The flagellin peptide flg22 is a potent activator of plant pathogen-associated molecular pattern (PTI)-triggered immunity. In plant cells, flg22 binds the LRR-RLK receptor FLS2, leading to an increase in phosphatidyl serine levels and subsequent PTI responses including stomatal closure. However, the specificity of the flg22-mediated responses remains elusive. Several studies have shown that the flagellin-derived peptides from the rice pathogen Acidovorax avenae (g-Proteobacteria) and the plant commensal Sinorhizobium meliloti (a-Proteobacteria) do not induce PTI responses. Furthermore, transgenic expression of a flagellin-encoding gene from the rice-incompatible strain of Agrobacterium tumefaciens (a-Proteobacteria) does not elicit a strong flg22-dependent response in Arabidopsis thaliana or tomato.

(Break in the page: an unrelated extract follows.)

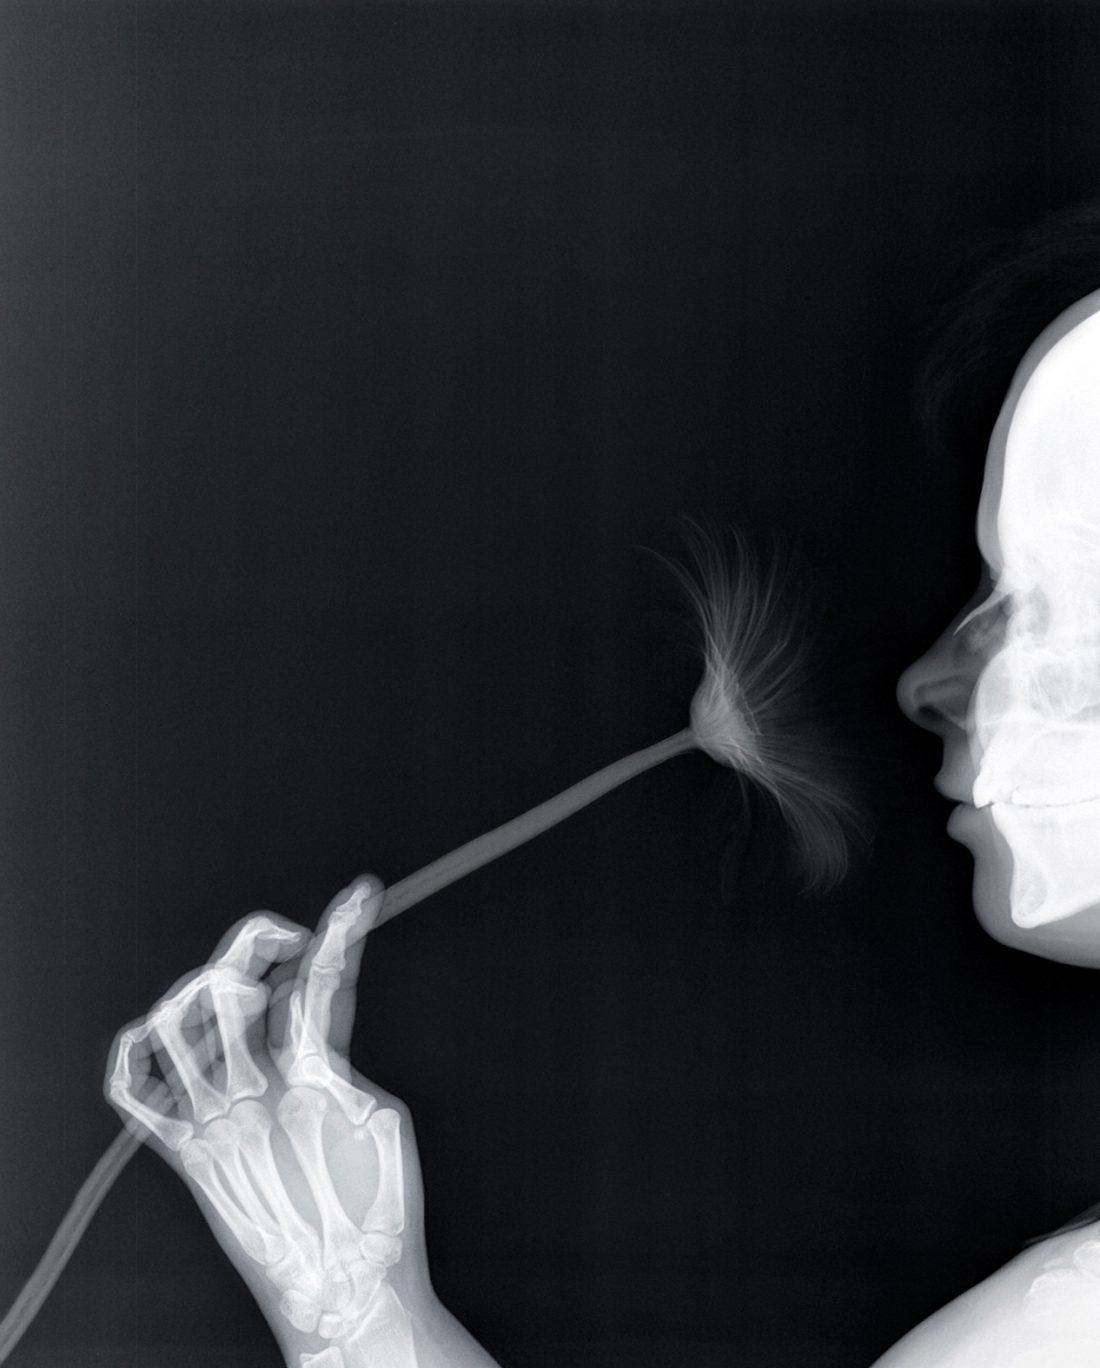 Grotesque & Arabesque (Profile with Gerbera), x-ray, light box, 42,5 x 52,5 cm

In this study, we show that the flg22-binding region of FLS2 is essential for its ability to recognize the flg22-derived peptides. Moreover, we found that the flg22-binding domain of FLS2 is able to bind the full length flagellin molecule in solution. Using chemical cross-linking and immunoprecipitation, we further demonstrate that the interaction between flg22 and FLS2 in solution results in a pronounced accumulation of the complex in intracellular mobile vesicles. We also provide evidence that a subset of cellular proteins is down-regulated by flg22 treatment, most notably the protein kinases CPD and BR6ox2.
Our data indicate that a conserved core of the 22 amino acid flagellin peptide is sufficient for PTI induction and that flg22 binding to the receptor complex of FLS2 and BAK1 is required for its recognition. This binding is dependent on a steric hindrance caused by the Ser-17 residue of the flg22-derived ligand and on an interplay with other domains within FLS2. In addition, the binding kinetics of flg22-g to FLS2 and BAK1 are slower than for flg22-Pae.